Where have all the rainy days gone? I grew-up in Missouri, where the Mississippi flooding was a semi-regular June event. You could always count on two things rain on Halloween and rain on Easter… and quite a bit of rain in between, now that I stop to think about it. I always heard that too much rain was depressing, but I tend to believe that too much sunshine is worse on the psyche. Sunshine promotes a sense of an obligation to be happy and “have a nice day”; unfortunately, I’m not the type of person that needs constant joy in order to be complete. Surely, others must feel the same way. I prefer things to be a bit more “even”. Happiness becomes drab if you don’t have a couple real crapper days to remind yourself why the sunshine is nice. Trust me, between this week and last, I’ve had more than my fair share; but perhaps the rain can wash all that away.

I somehow chose to live in northern Montana during the midst of a seven-year draught - even the winter snow was slight compared to previous years. Of course the first year I choose to leave and winter in the southwest, my home in Glacier County receives nice heavy snowfalls that break annual records for the past couple years.

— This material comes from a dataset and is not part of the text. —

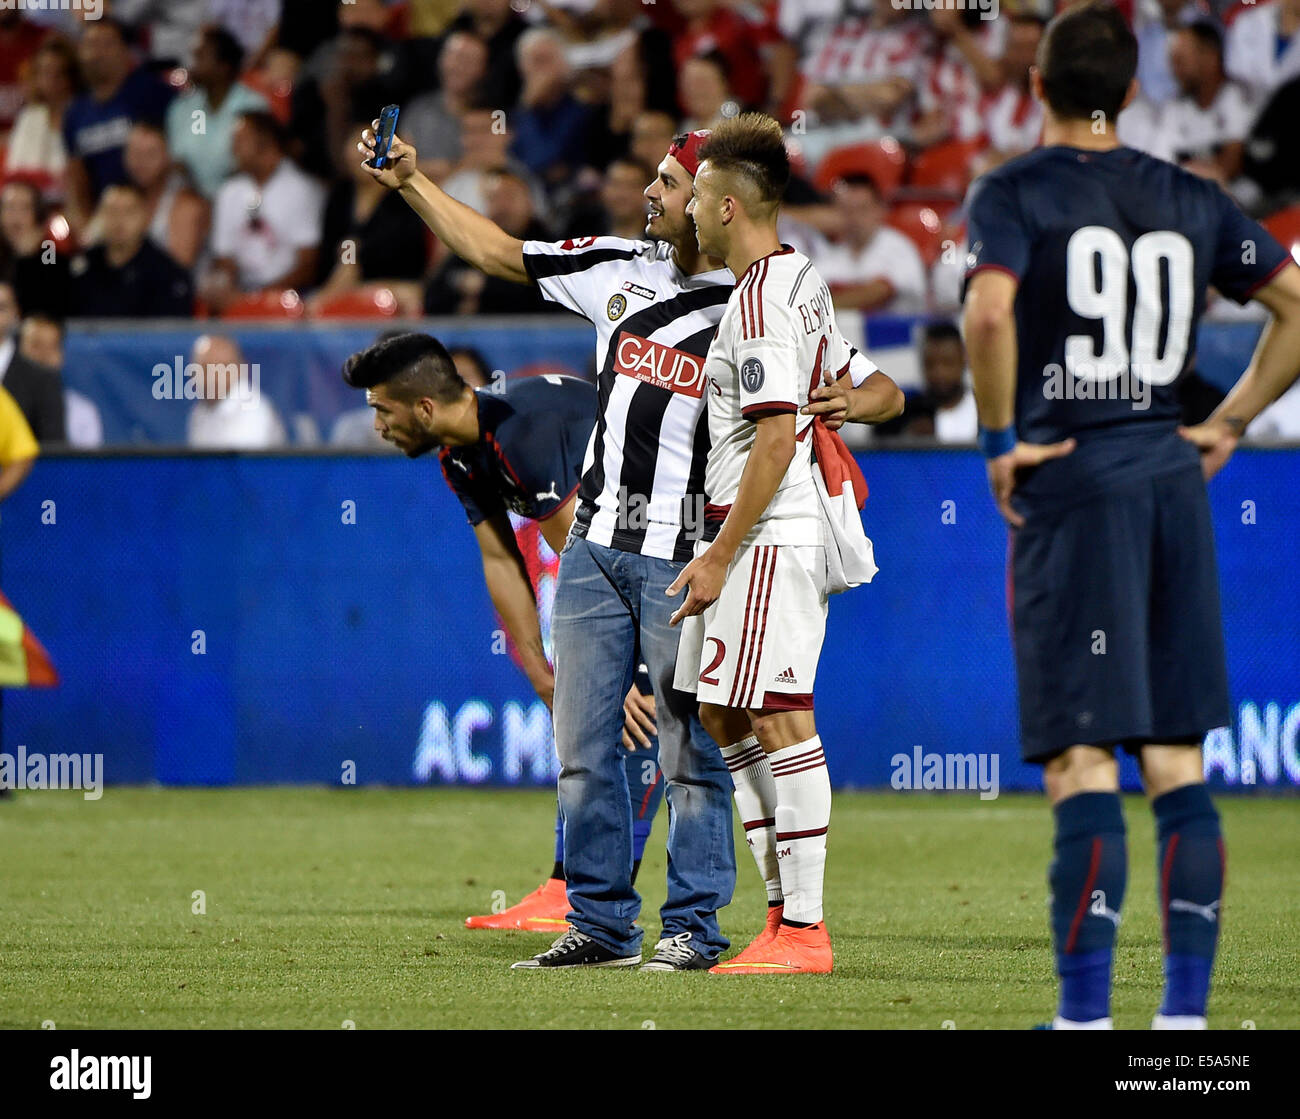 International Champions Cup Milan Vs Barcelona: Ac Milan Fans Stock Photos & Ac Milan Fans Stock Images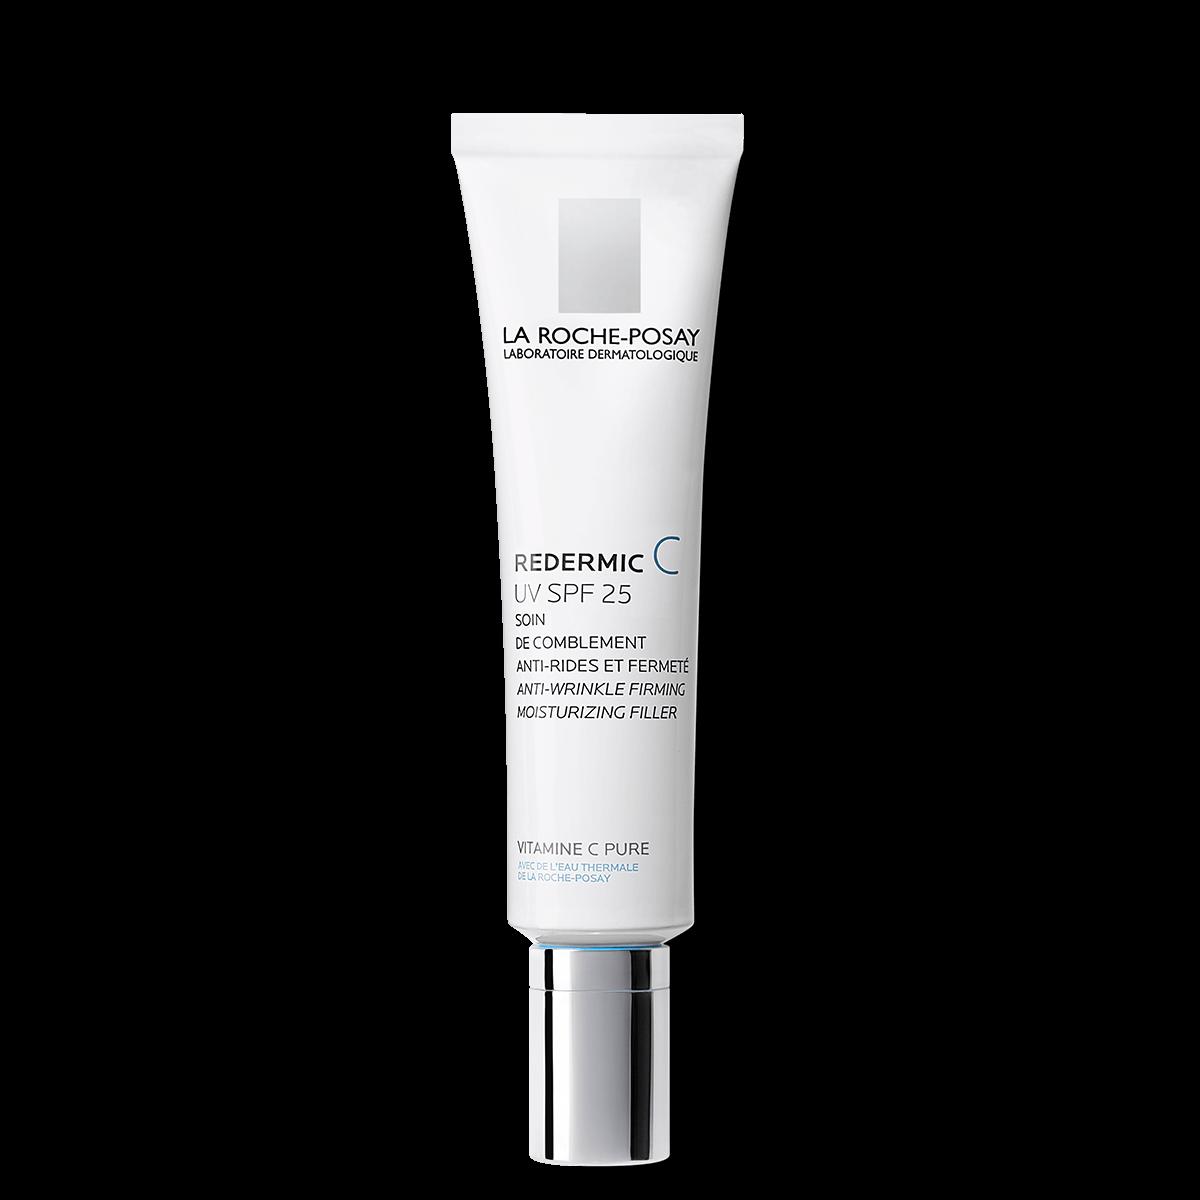 LaRoche Posay ProductPage Anti Aging Cream Redermic C UV Spf25 Anti Wr

New Mexico should be called the “Land of Eternal Sunshine” rather than the “Land of Enchantment”. It must be bright and cheery 500 out of 365 days-a-year in Santa Fe – and let me tell you, it is getting old. Lately, I’ve been daydreaming about moving to Seattle, just to feel the rain on my face and in my socks (I refuse to own goulashes). It wouldn’t be so bad to eat good fish-n-chips down on the pier, once a week or so (rather than the local variety of Long John Silver’s). Take a ferry every couple months to Victoria or one of the islands in the sound; or maybe even just take a motorcycle ride a few miles south to have a drink at the “Brick” in Rosalyn – the town where they filmed the classic television show “Northern Exposure”. I have an acquaintance in Juneau that has an exhibition opening next month; it would be easy to just hop a flight from Seattle to “pop-in” on the show.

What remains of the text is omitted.